I have taken a few squirrels with my .40 caliber blowgun. I have been looking at the one you have pictured. Is it the same blowgun as I have seen on coldsteels website. How accurate is it? I have had no trouble hitting squirrels with my .40 caliber, but unless I hit them in the spine, head, or neck they sometimes get away. It would be great if I could be as accurate with a heavier dart.


----------



## Cleankill47

Caleb, it is very accurate, but the darts are much heavier so you have to learn their trajectories. I stopped using my .40 cal blowgun when I got my cold steel one, because whenever I switched I would get mixed up guessing range, so I just stick to the magnum now.

For more accuracy and range, you can get the two-foot extension they sell, too. It will stabilize your dart for quite a bit further than just the 5-foot model.

Random bit of information: The Penari (sp?) Indians of South America use ten to twelve-foot blowguns for their darts, and they can hit canaries and parrots at 65 yards...
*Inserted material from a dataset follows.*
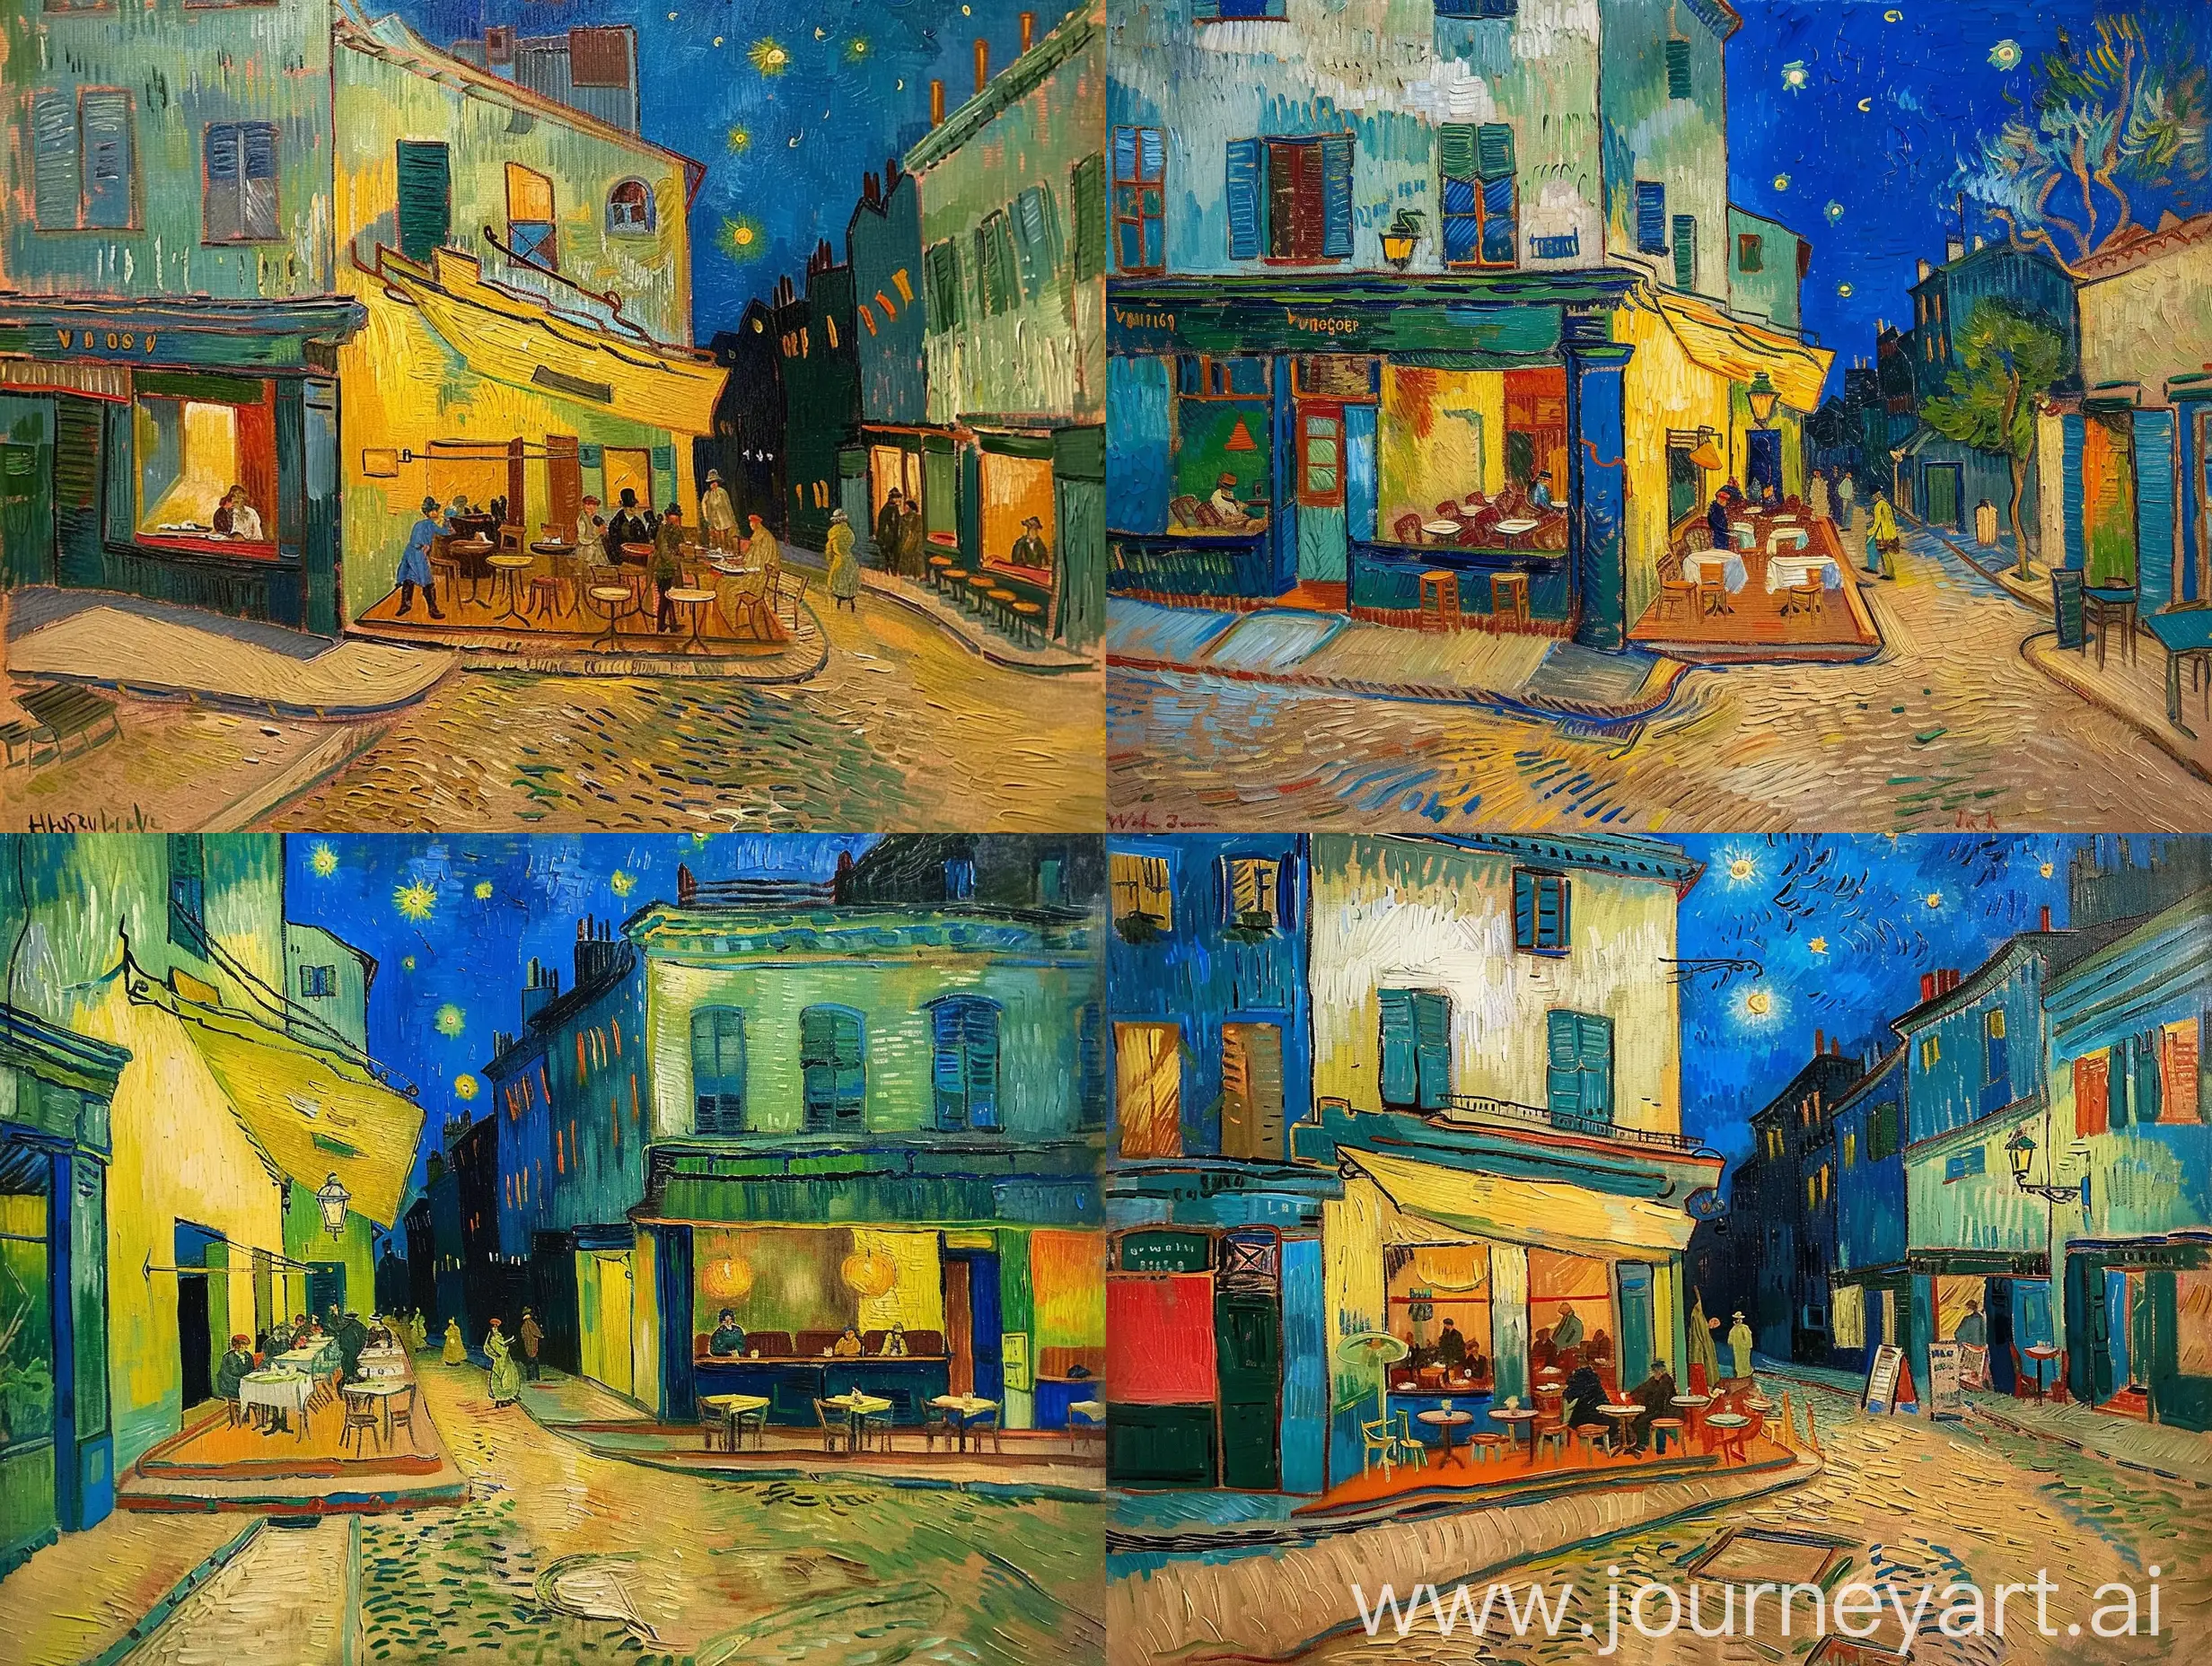 Vibrant-Oil-Painting-of-a-Charming-Restaurant-by-Van-Gogh
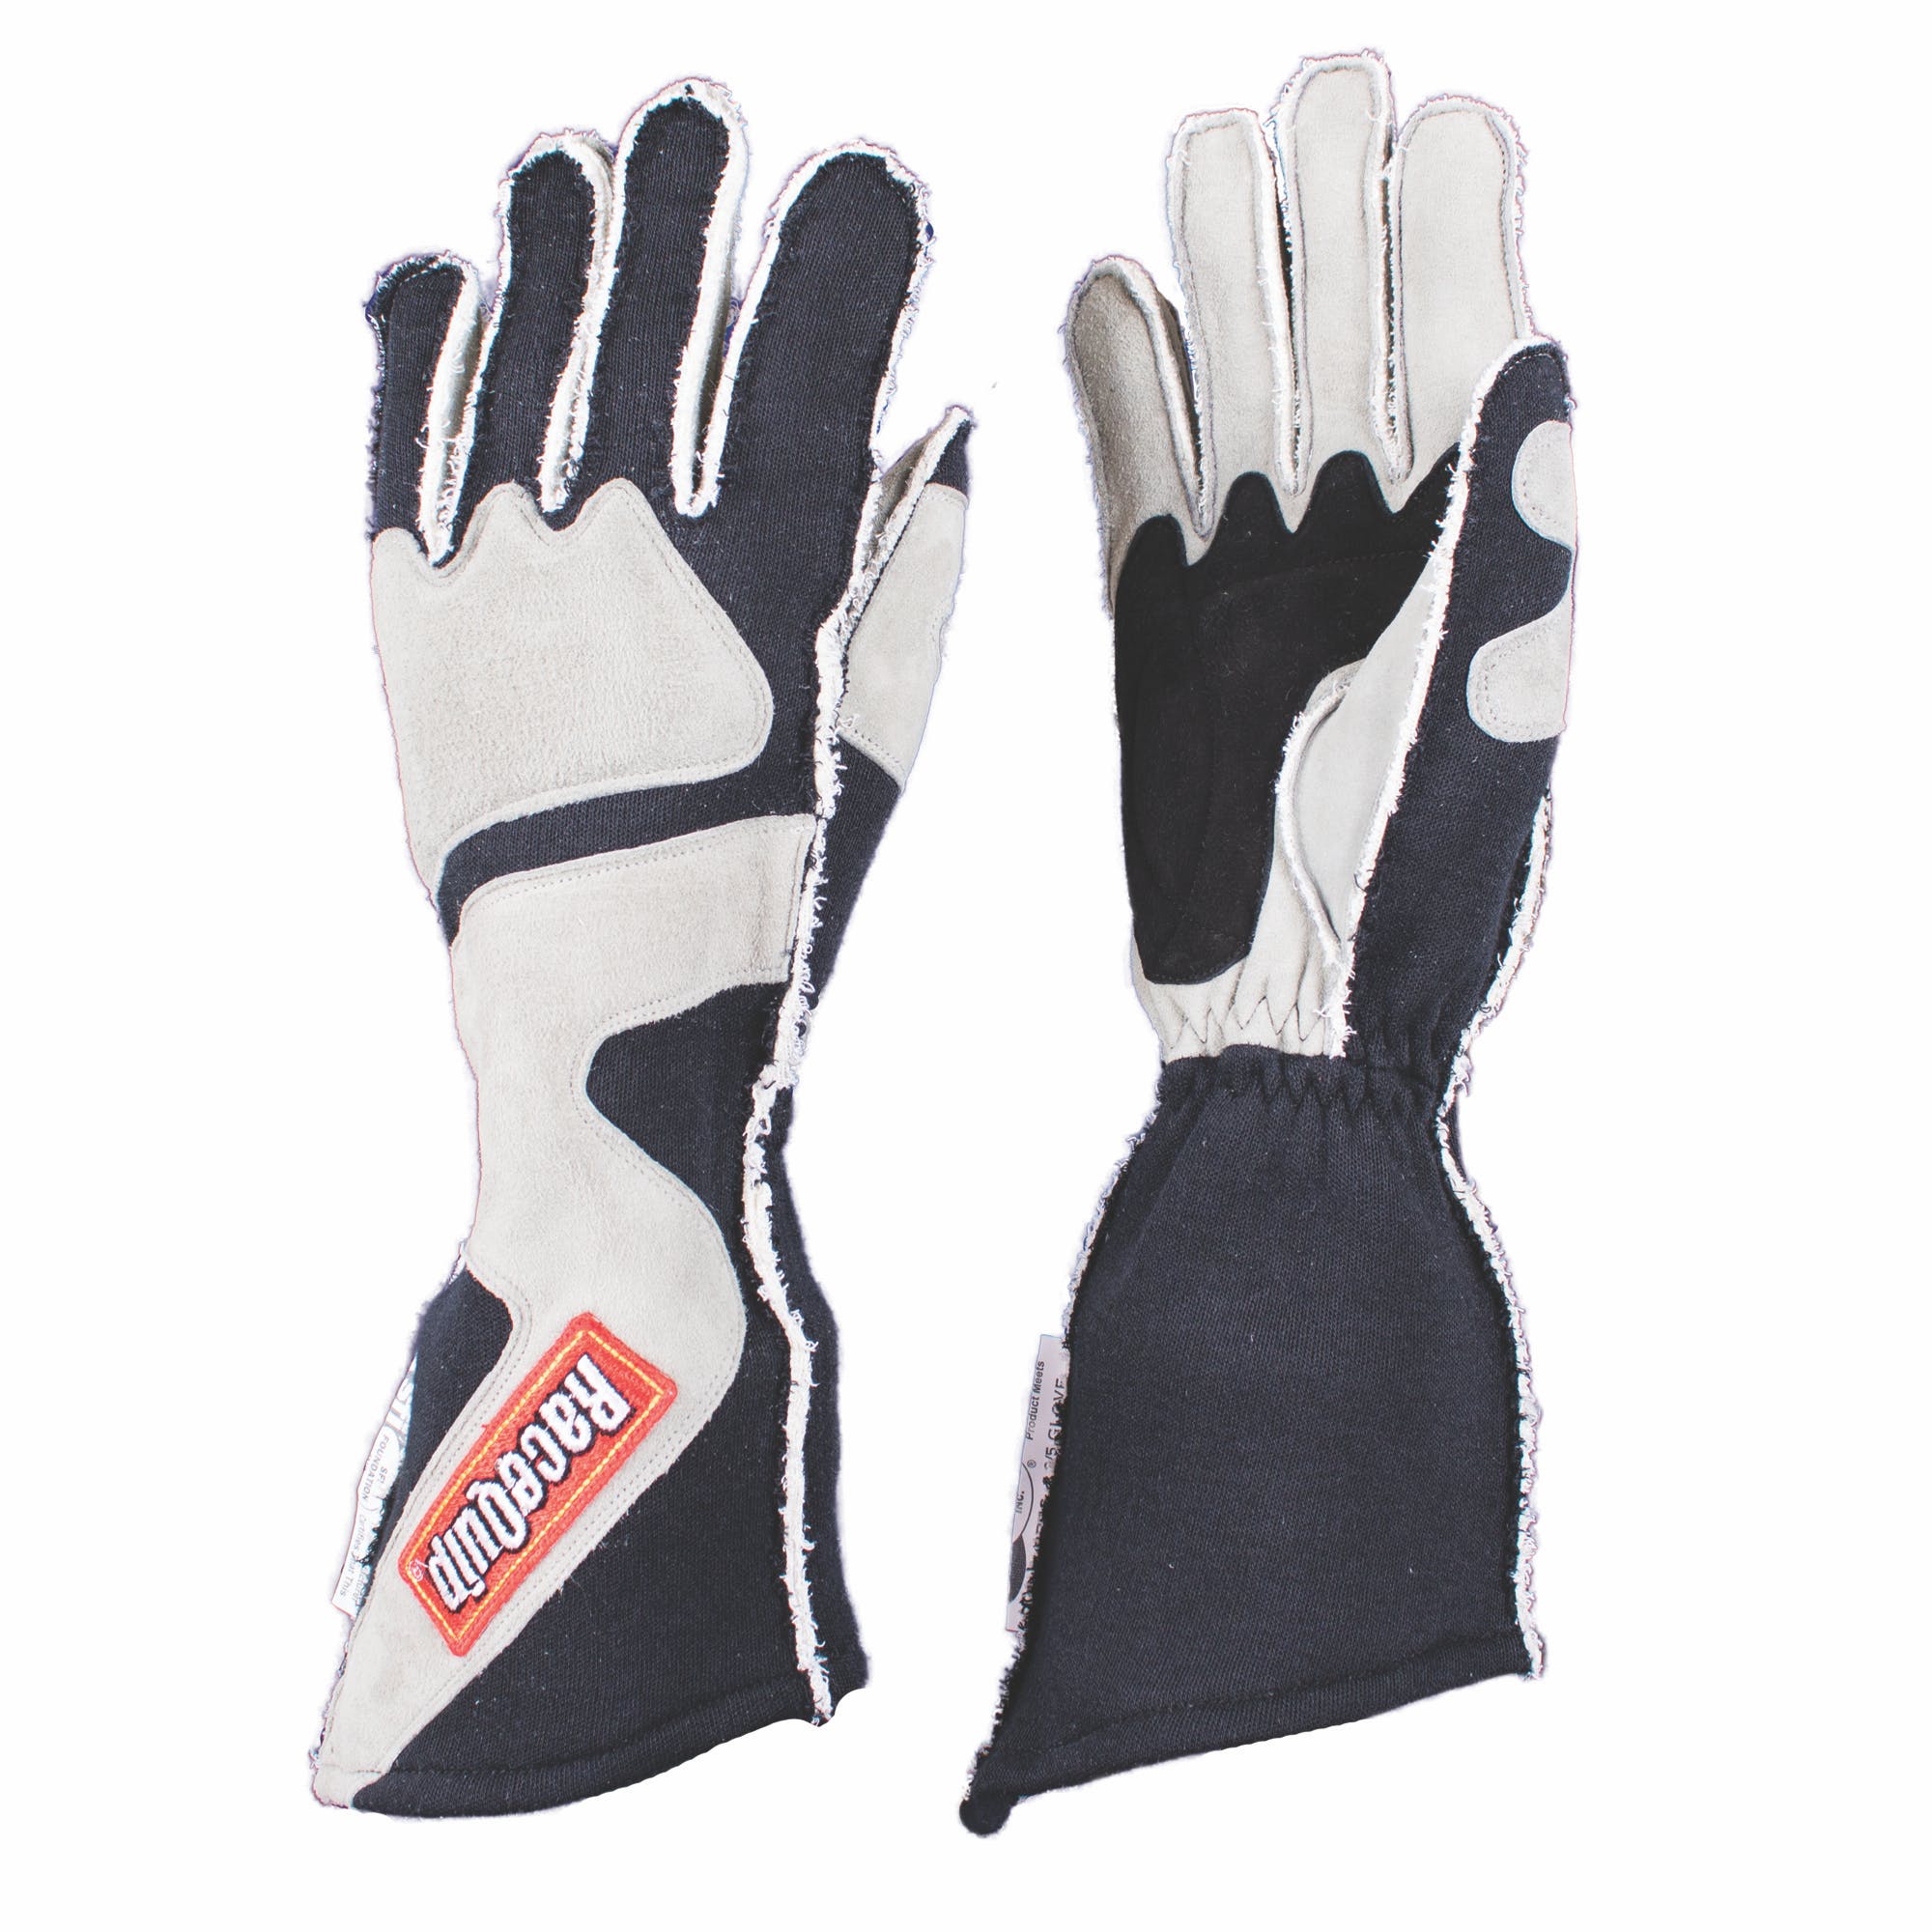 RaceQuip 359607 SFI-5 Out Seam Angle-Cut Gauntlet Racing Gloves (Gray/Black, XX-Large)

Go ahead, get the cold steel. And get an extra pack of mini broadhead darts, too, because it only comes with 12 of that type, and those are the best ones for hunting... (I still need more bamboo ones, too)

Good luck...

:sniper:


----------



## TXpelletgunhunter

I also have a cold steel .625 magnum blowgun. I usually use it to kill sparrows and crows. Work like a charm. I have also killed about 6 squirrels with it. It is pretty fun kinda like archery a little bit


----------



## sod44

that is amazing were do u buy those?


----------



## Cleankill47

sod44, normally, you would go to coldsteel.com but the site is down, so I found you one here:

http://www.bizrate.com/boxingequipment_ ... ylf--.html

You can have your parents order it, and if you do, then practice, practice, practice! You can't shoot enough. And you're going to love it.

It's also fun to get one of those big cardboard cutouts like they sell at some Blockbuster stores and use them as targets.

:sniper:


----------



## huntinND

That would be great to have in a treestand while bowhunting to pass the time on a few squirrels. How far can you shoot accurately with the one pictured?


----------



## sod44

Cleankill47 said:


> sod44, normally, you would go to coldsteel.com but the site is down, so I found you one here:
> 
> http://www.bizrate.com/boxingequipment_ ... ylf--.html
> 
> You can have your parents order it, and if you do, then practice, practice, practice! You can't shoot enough. And you're going to love it.
> 
> It's also fun to get one of those big cardboard cutouts like they sell at some Blockbuster stores and use them as targets.
> 
> :sniper:


thanks ill look at it.


----------



## sod44

is it accurate?


----------



## Cleankill47

In itself, yes it is accurate. But with any blowgun, the only thing that will make you accurate with it is practice.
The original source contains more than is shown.